Although inflation is expected to harden to 5.2% this year, then moderate thereafter on lower food prices; QNB said several temporary factors — such as higher rent inflation due to higher public sector allowances; higher power tariffs; and an increase in the services tax rate — are expected to increase inflation in 2016/17.
Highlighting that the other factors should keep inflation low over the medium term; it said a normalisation of harvests should lower food inflation; oil prices should remain moderate; and set a new inflation target of 4%.
QNB found that fiscal consolidation is planned to continue with the deficit narrowing from an estimated 6.6% of GDP (gross domestic product) in 2015-16 to 5.2% in 2018-19.
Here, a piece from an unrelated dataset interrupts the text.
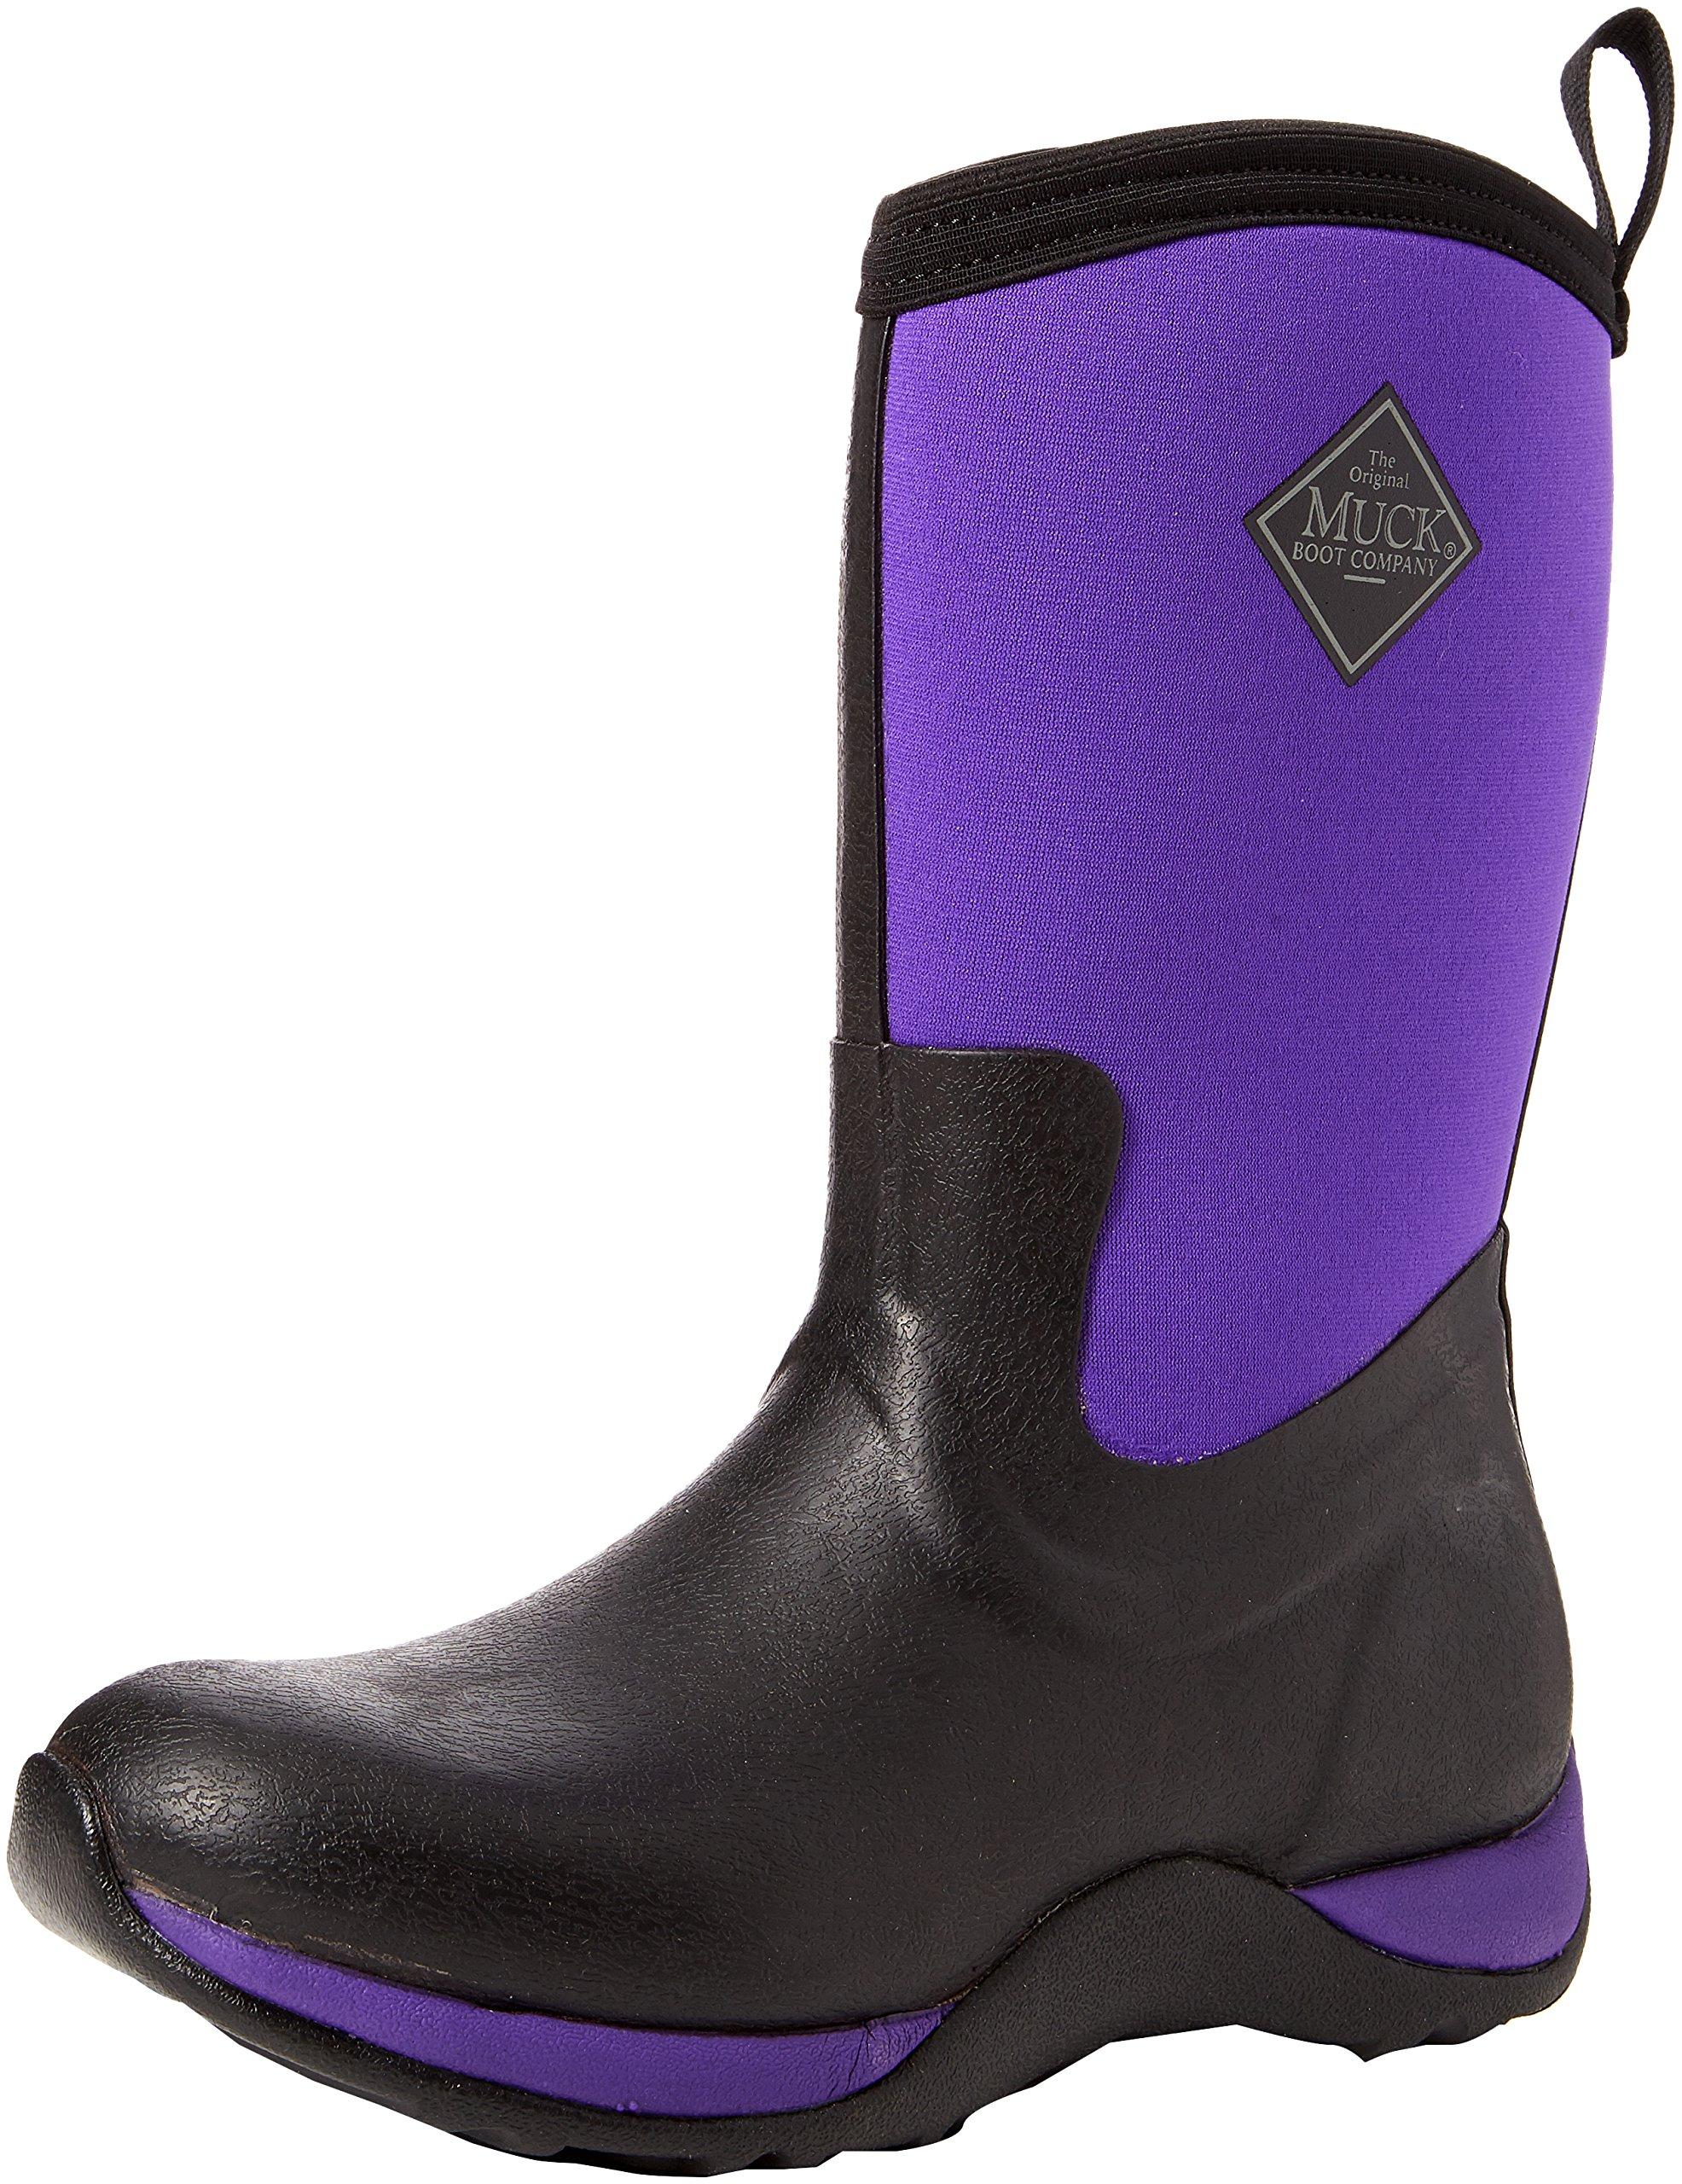 Pluie Women's Arctic WeekendBottesamp; Boots Bottines De FemmeNoirblack purple36 Muck Eu FJc1Kl3T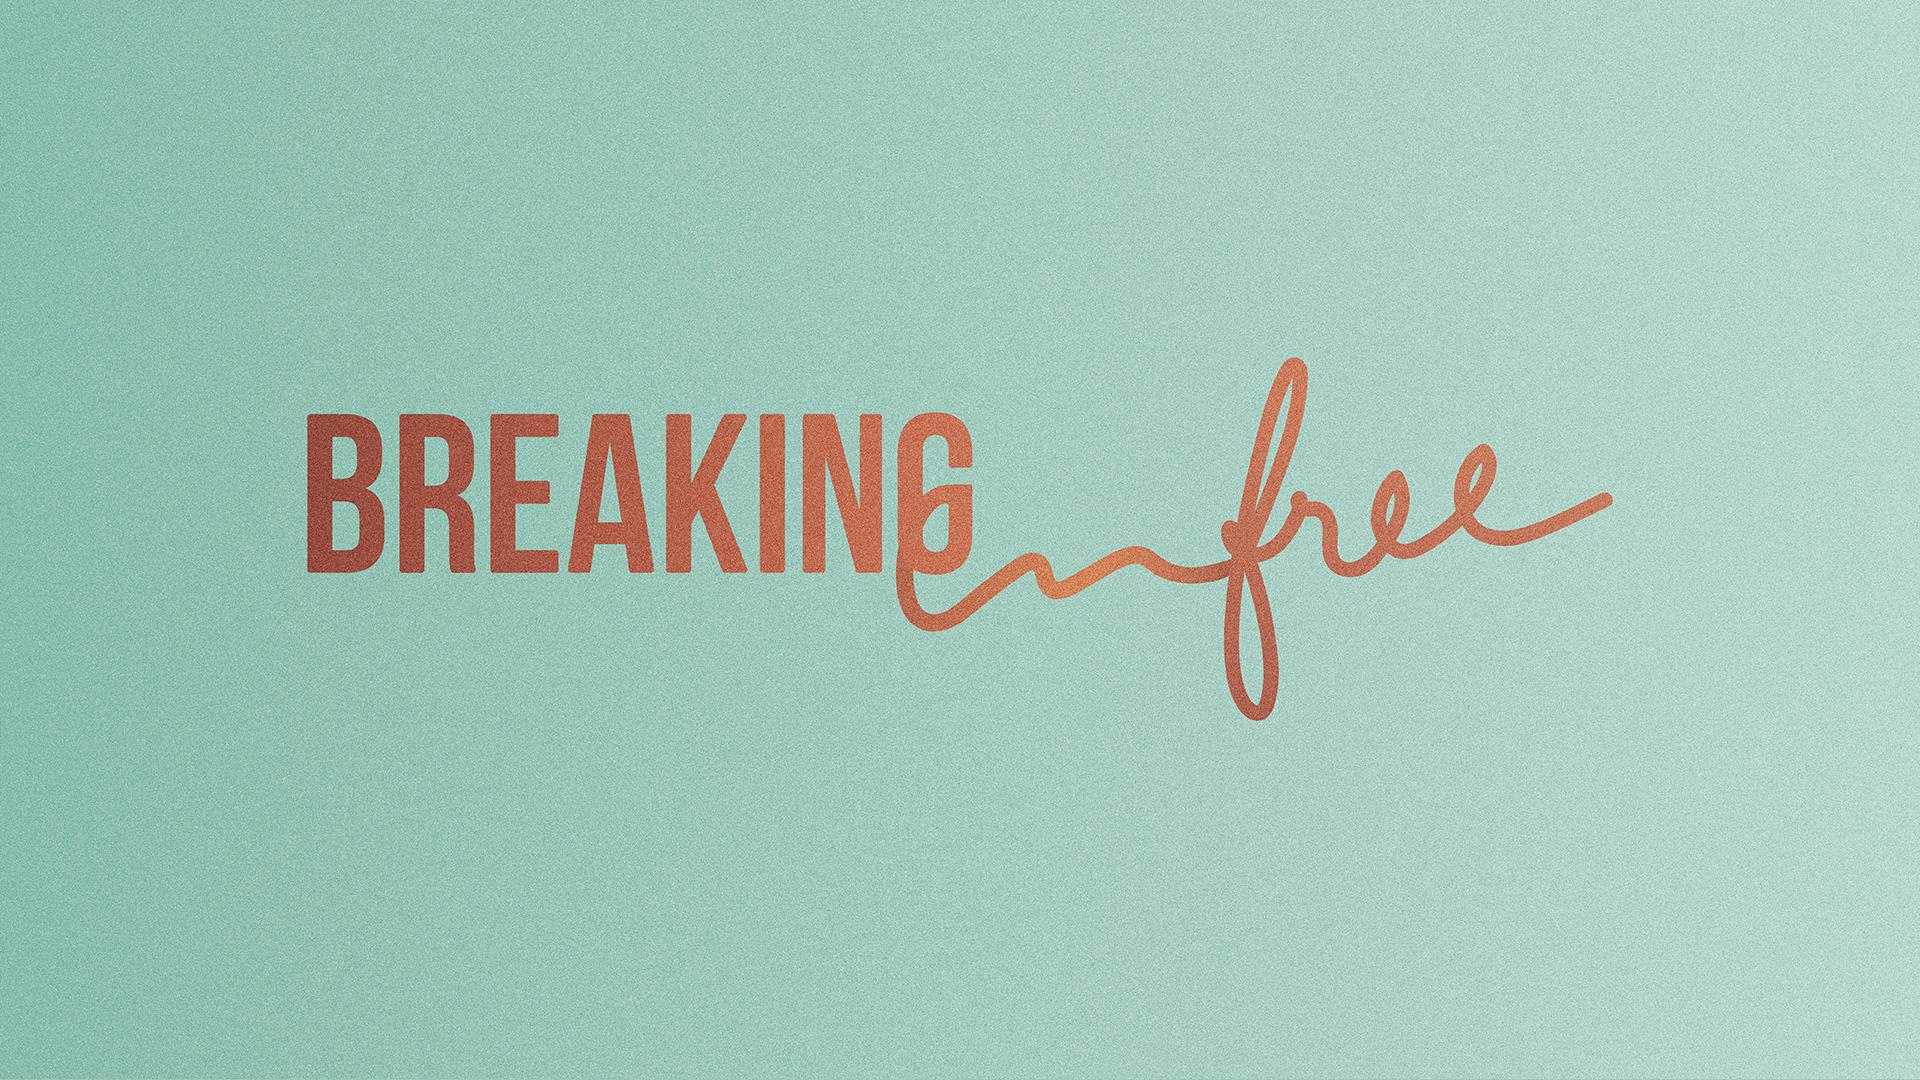 Breaking Free_Master-1920x1080.jpg

Expenditure is expected to fall slightly as lower current spending (mainly due to subsidy cuts on food) offsets higher spending on infrastructure investment; while revenue should expand owing to higher excise duties, an increase in the services tax rate and proceeds from telecommunications auctions and privatisations.
Growth in the banking asset is expected to slow to 9% in 2016-17 before picking up to 10% in 2017-18 and 11% in 2018-19 as state banks’ balance sheets are cleaned up and the sector is recapitalised. 
In 2016-17, the country’s banking regulator Reserve Bank of India is expected to press lenders address non-performing loans, which could be a drag on growth and profitability, QNB said, adding the government plans to inject $10.4bn into state-owned banks over the next four years, frontloaded to 2016-17.